# DATA:
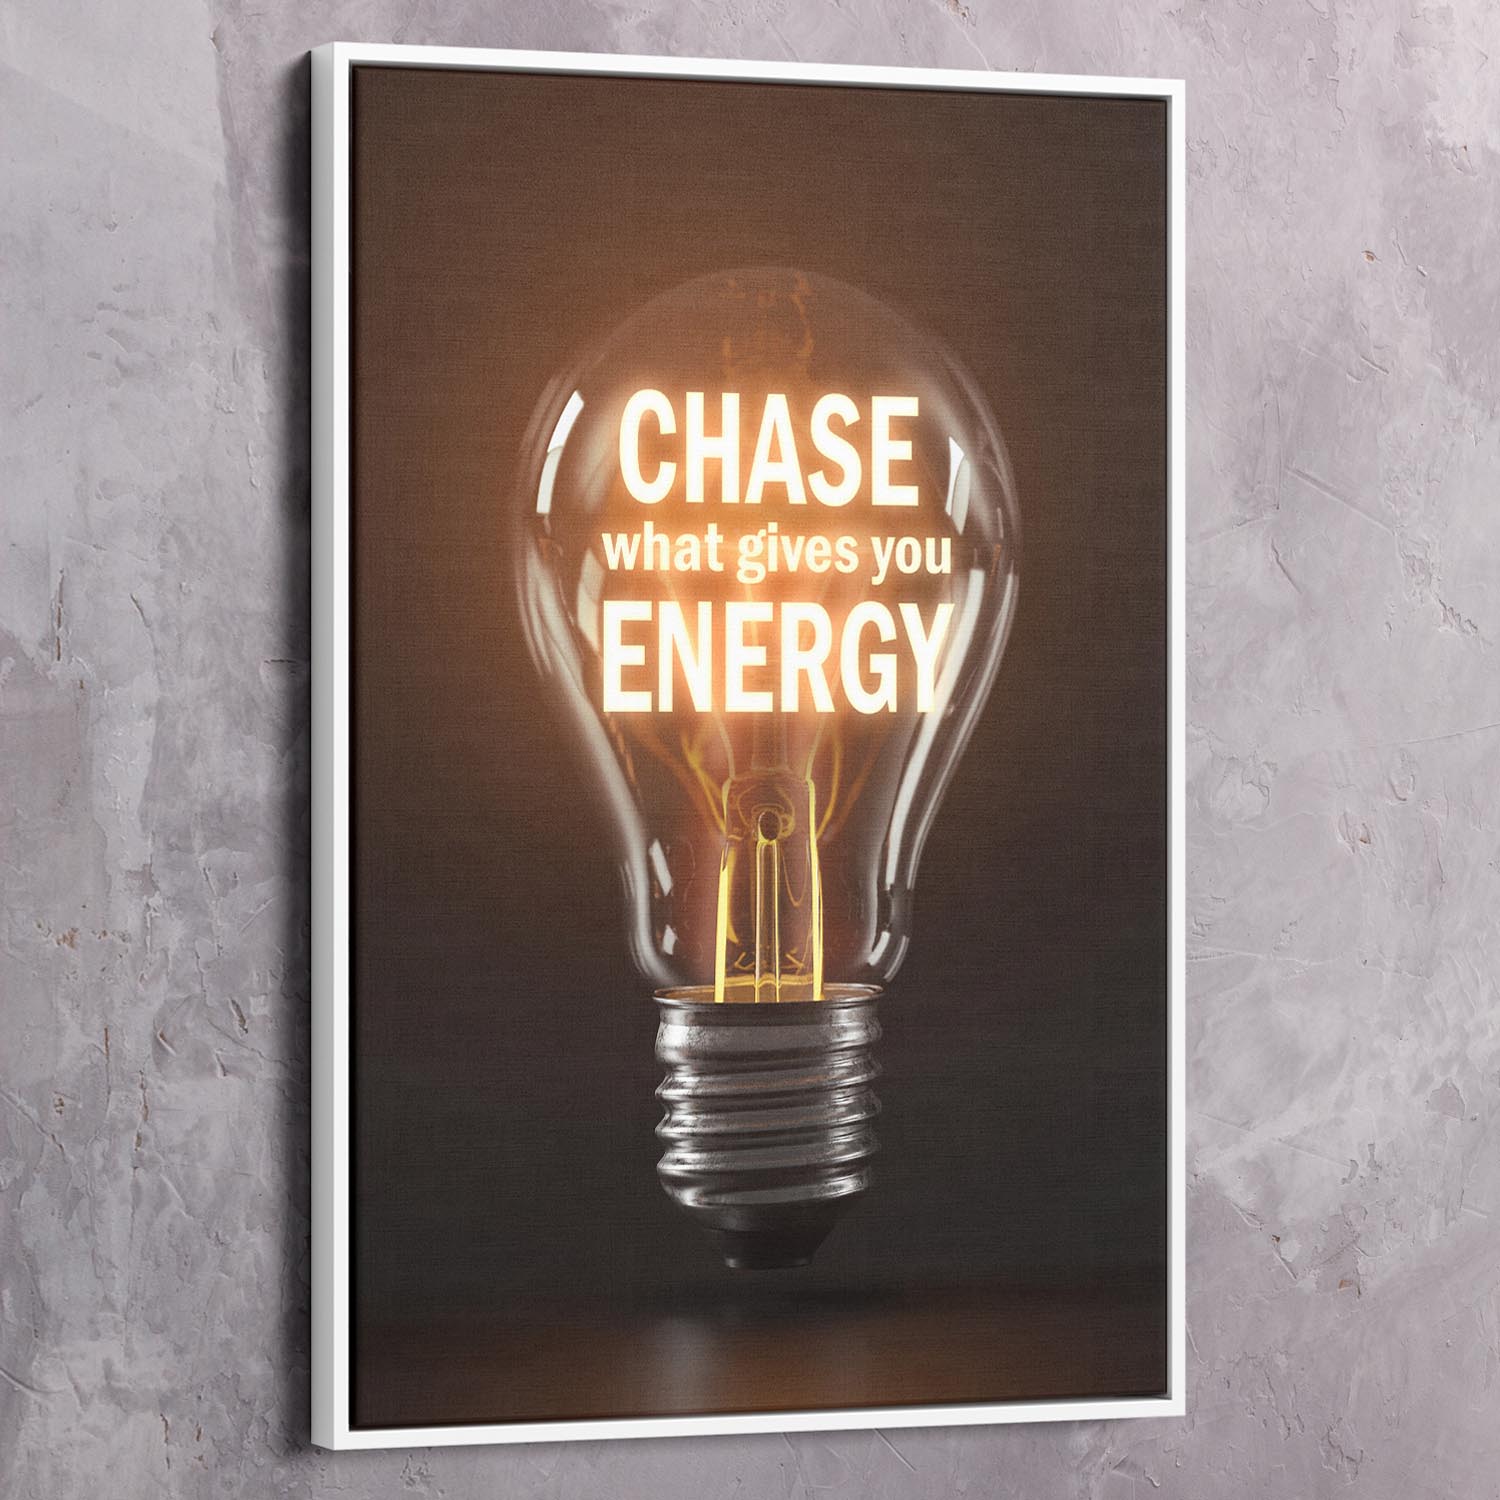 Chase Energy Wall Art | Inspirational Wall Art Motivational Wall Art Quotes Office Art | ImpaktMaker Exclusive Canvas Art Portrait
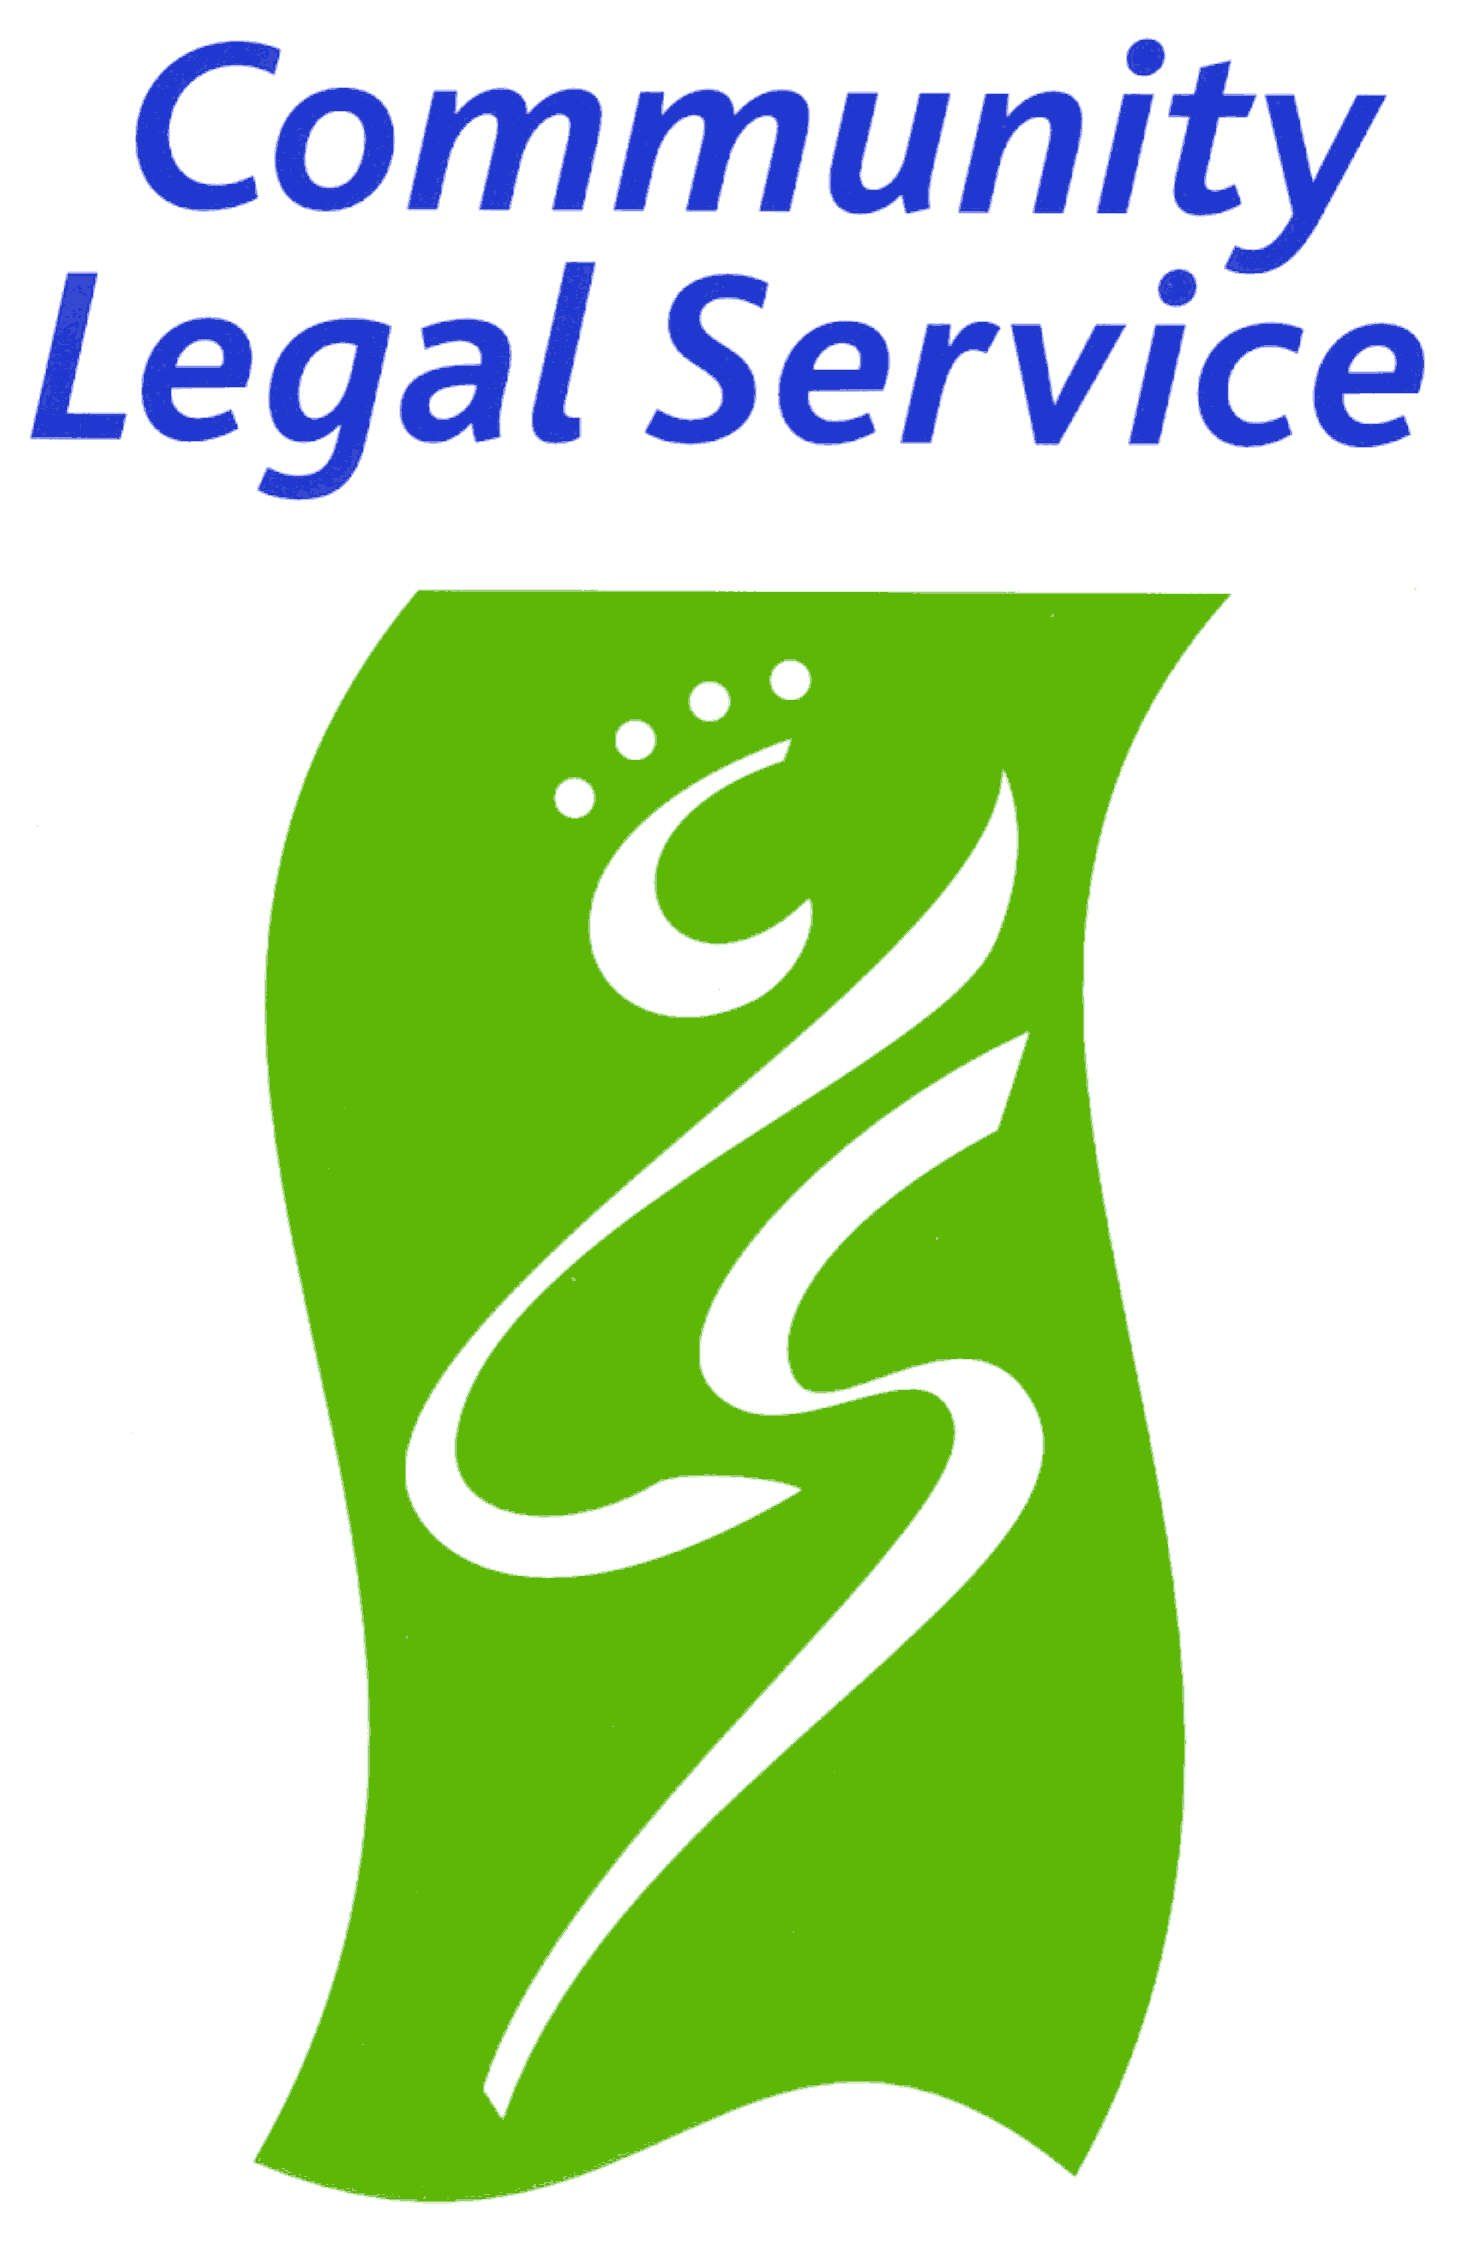 Community legal service icon
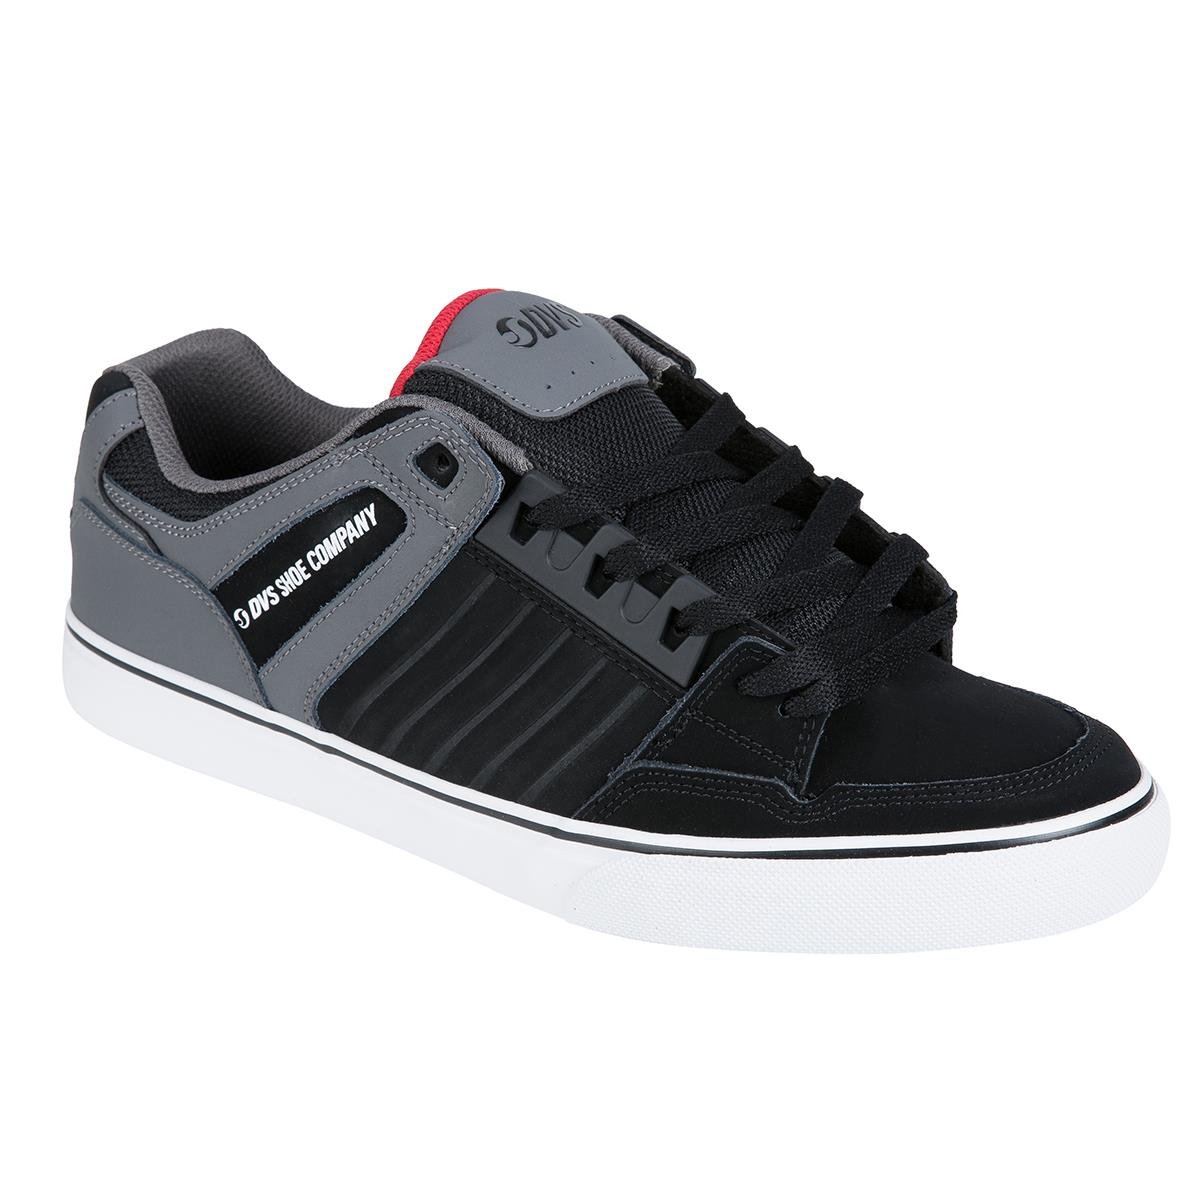 DVS Shoes Celsius CT Black/Charcoal/Red Nubuk | Maciag Offroad
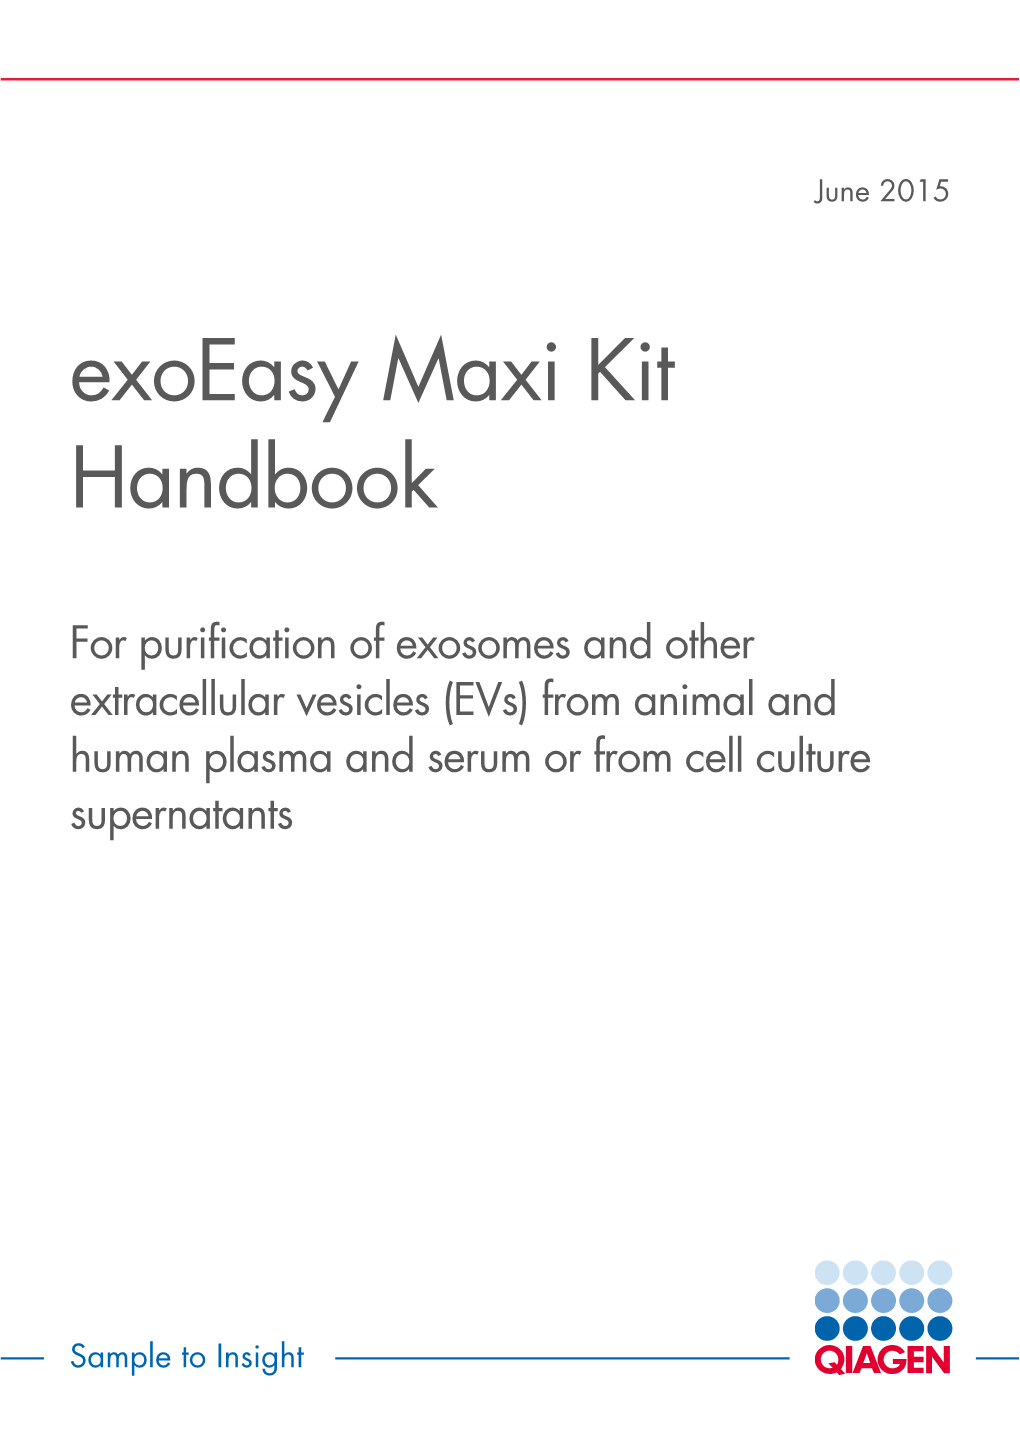 Exoeasy Maxi Kit Handbook

# TASK REQUIREMENTS:
What is needed is an exact repetition of every line from the line with "DVS Shoes Celsius" to the end of the data above, both ends included, with no pictures.

# REPLY:
 DVS Shoes Celsius CT Black/Charcoal/Red Nubuk | Maciag Offroad
 Exoeasy Maxi Kit Handbook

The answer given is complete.